**Problem requirements:**
Please reproduce the data exactly, though every picture must stay out.

--- Provided material ---

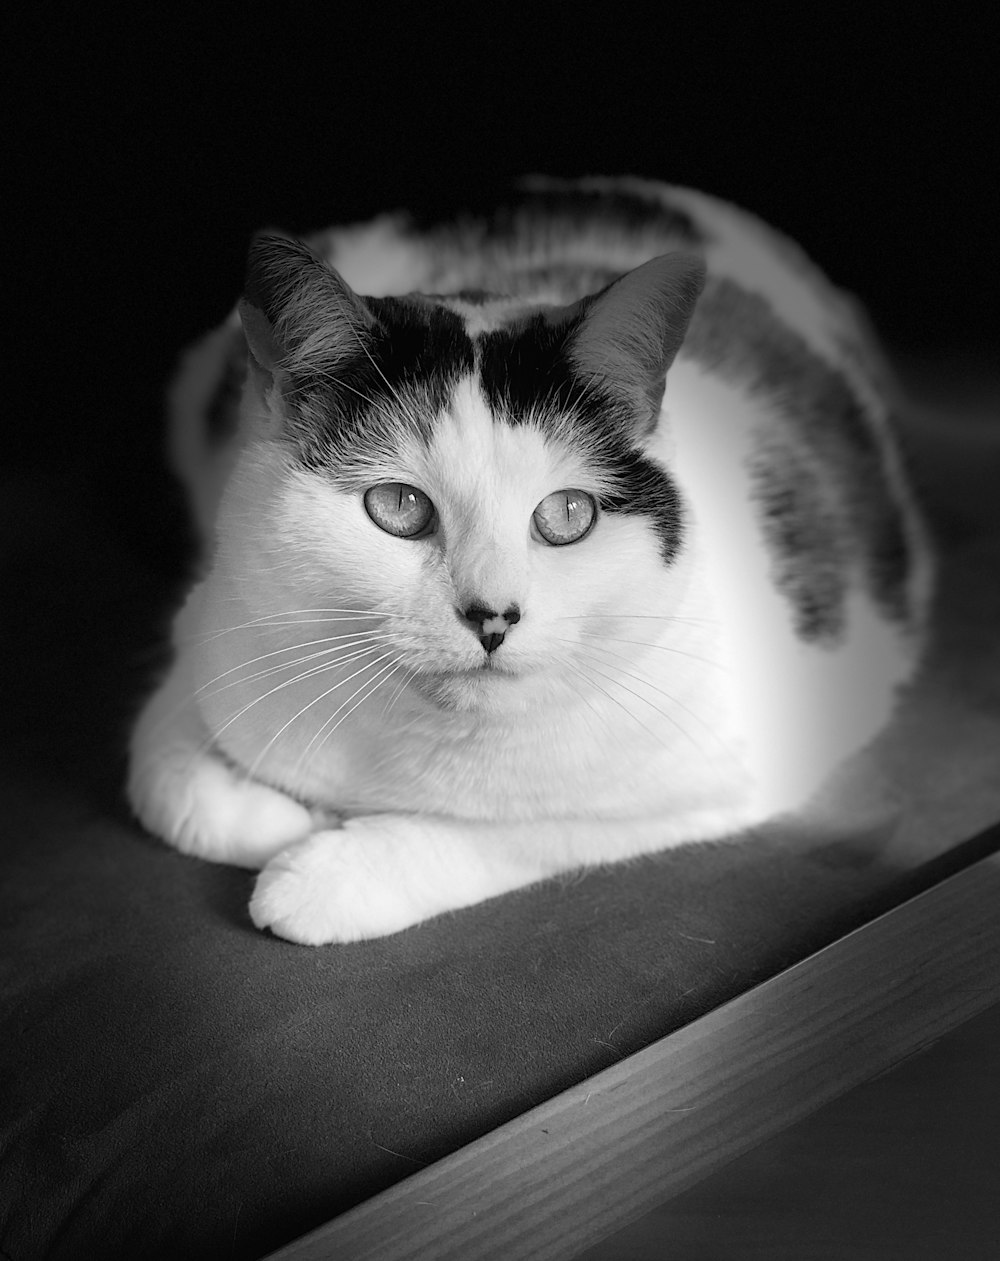 Fotografía en escala de grises de un gato acostado en la superficie
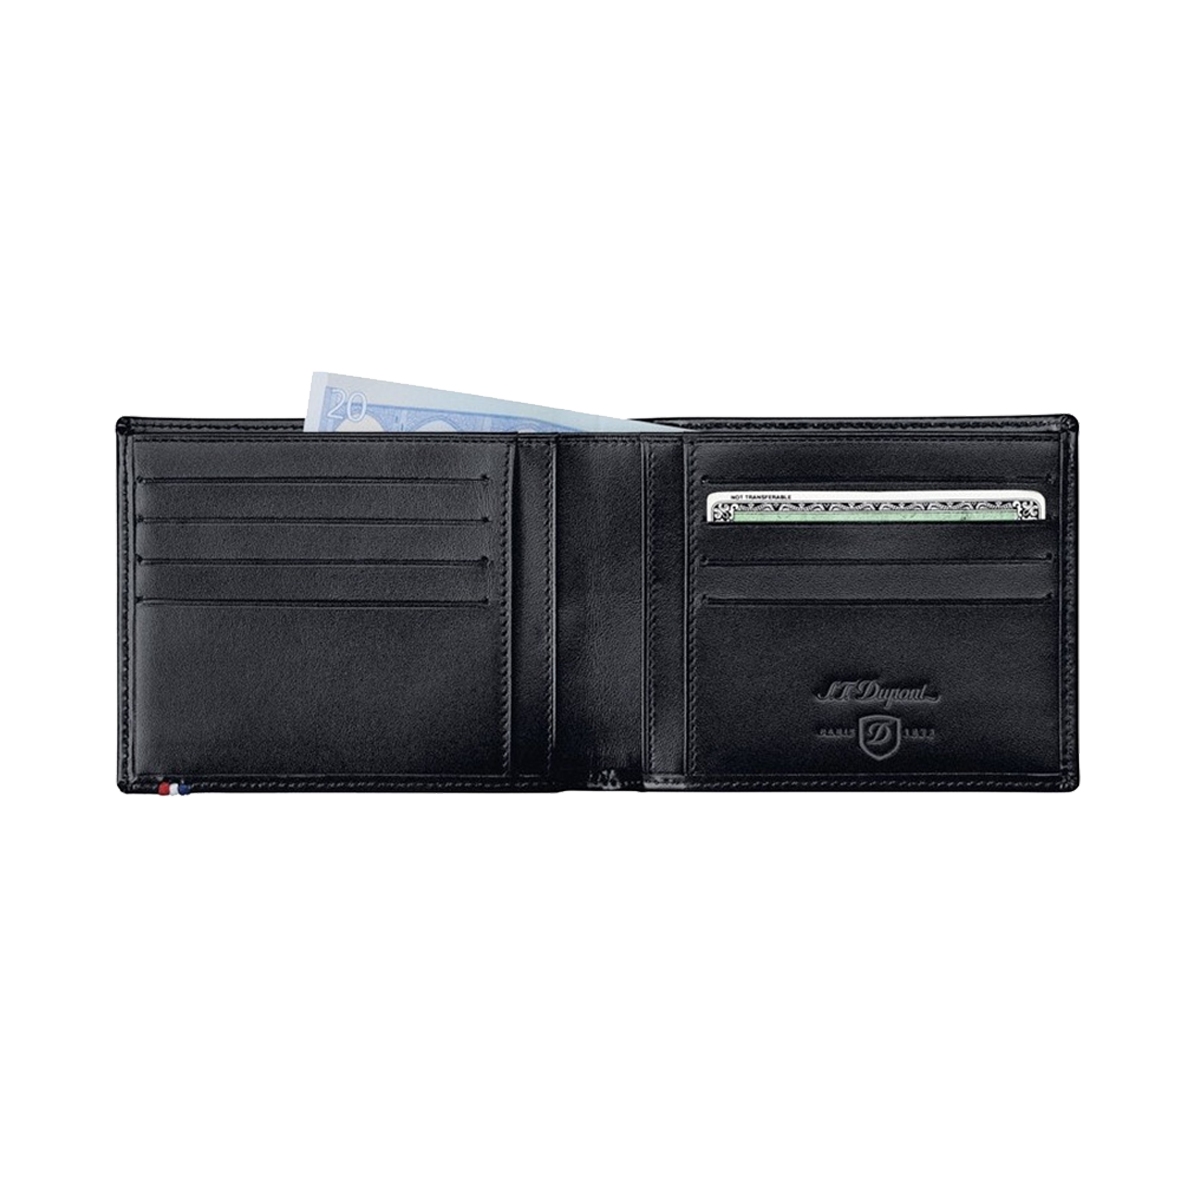 Портмоне Line D 180003 Цвет Чёрный Портмоне, гладкая кожа, 8 отделений для кредитных карт | S.T. Dupont
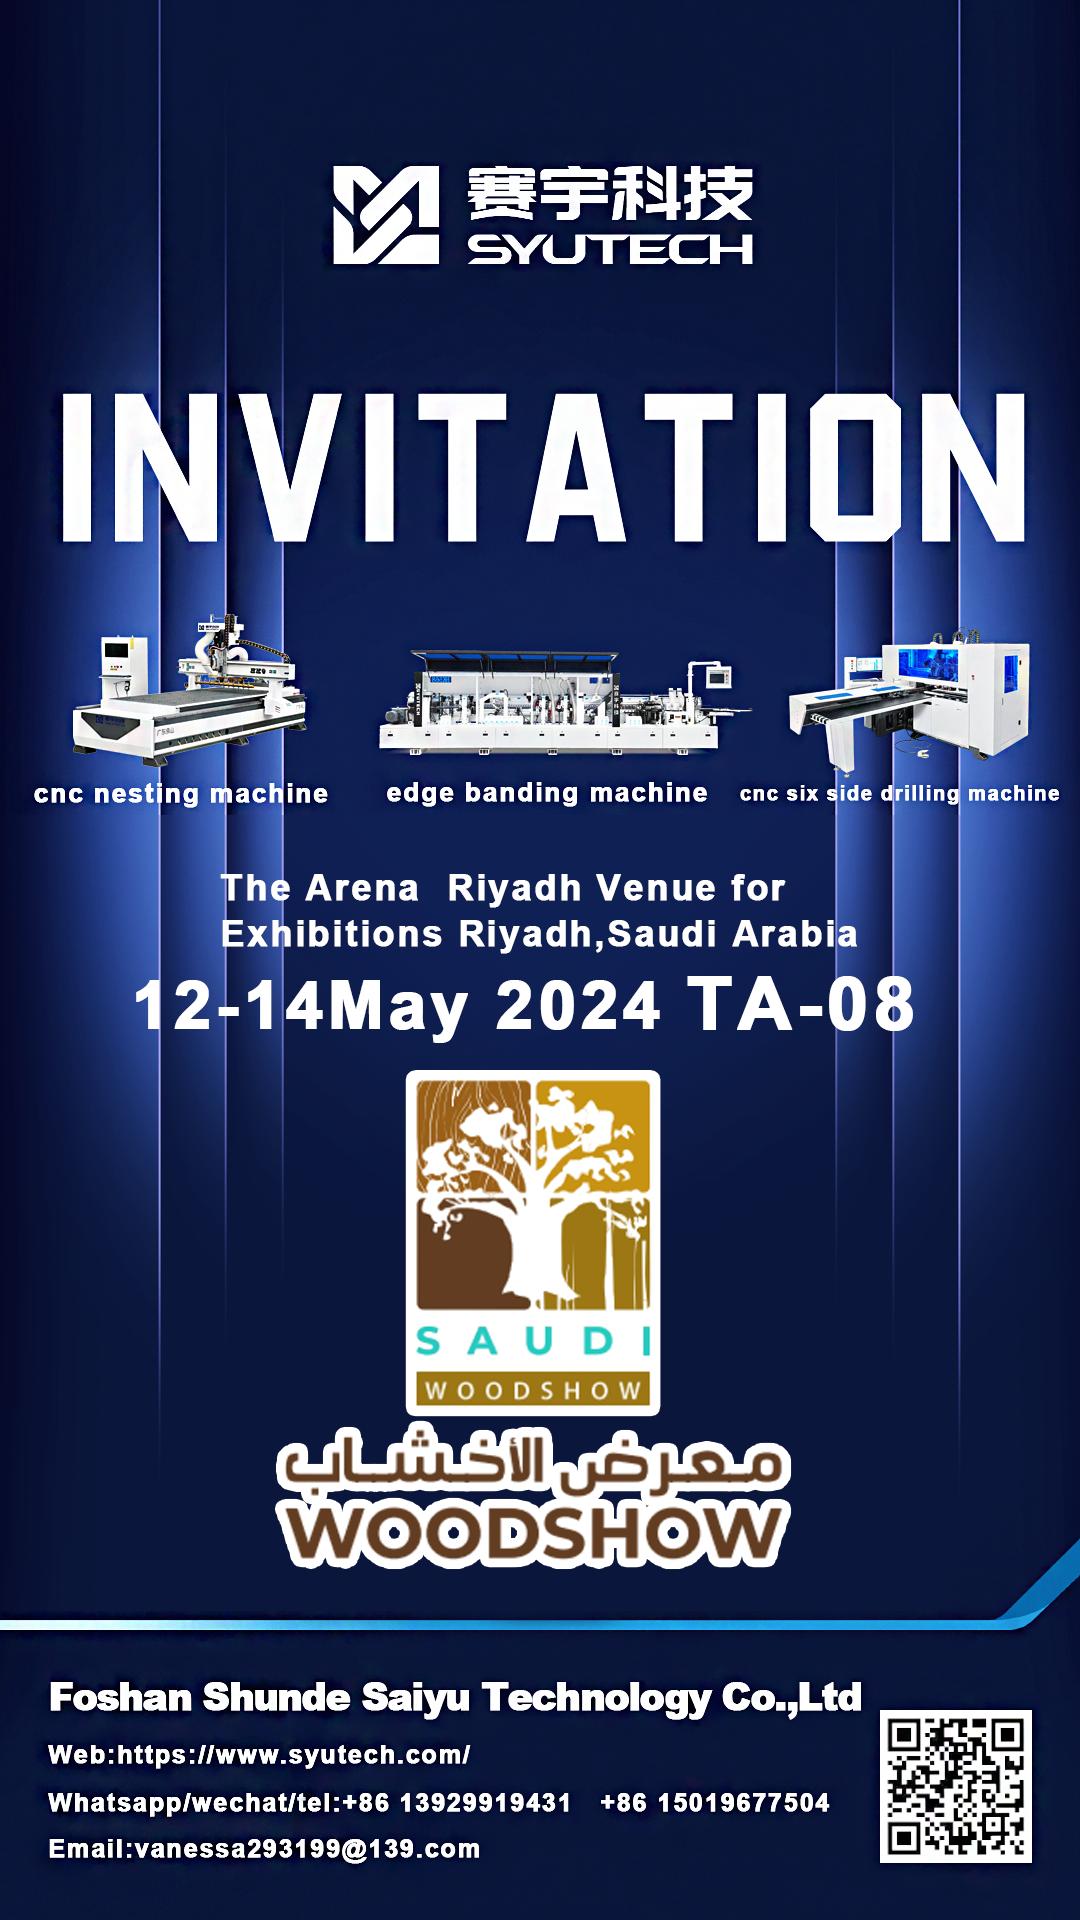 SAUDI WOODSHOW 2024 Saudi Arabien International Woodworking Show, Wëllkomm op eisem Stand！
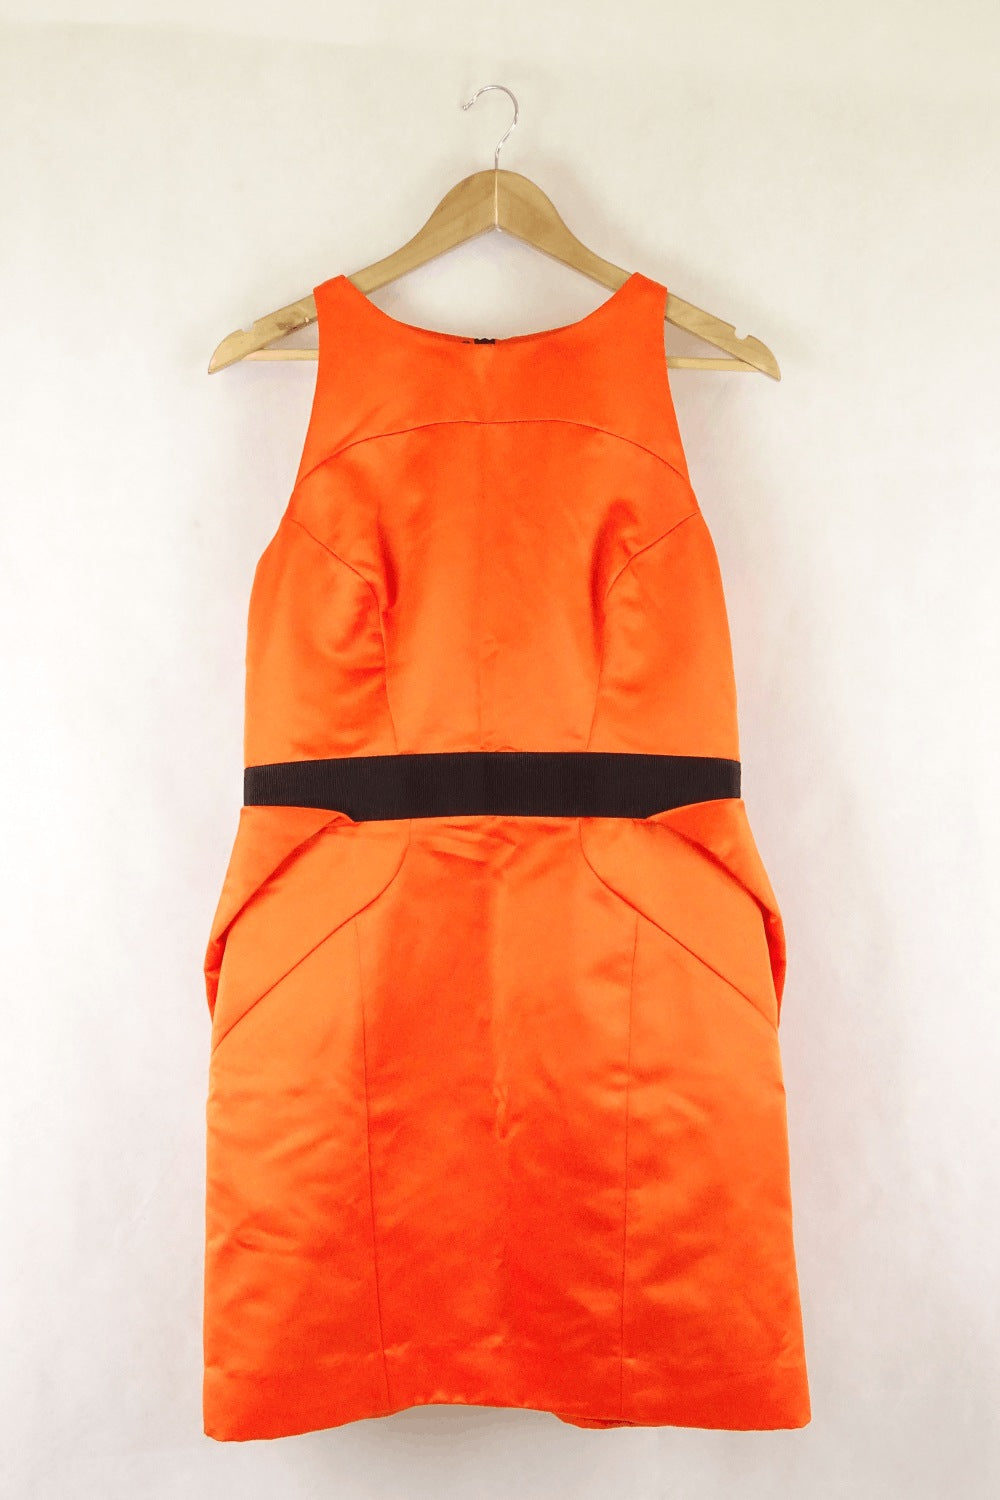 Milly Orange Dress 12

---

**The answer:**
 Fotografía en escala de grises de un gato acostado en la superficie
 Портмоне Line D 180003 Цвет Чёрный Портмоне, гладкая кожа, 8 отделений для кредитных карт | S.T. Dupont
 SAUDI WOODSHOW 2024 Saudi Arabien International Woodworking Show, Wëllkomm op eisem Stand！
 Milly Orange Dress 12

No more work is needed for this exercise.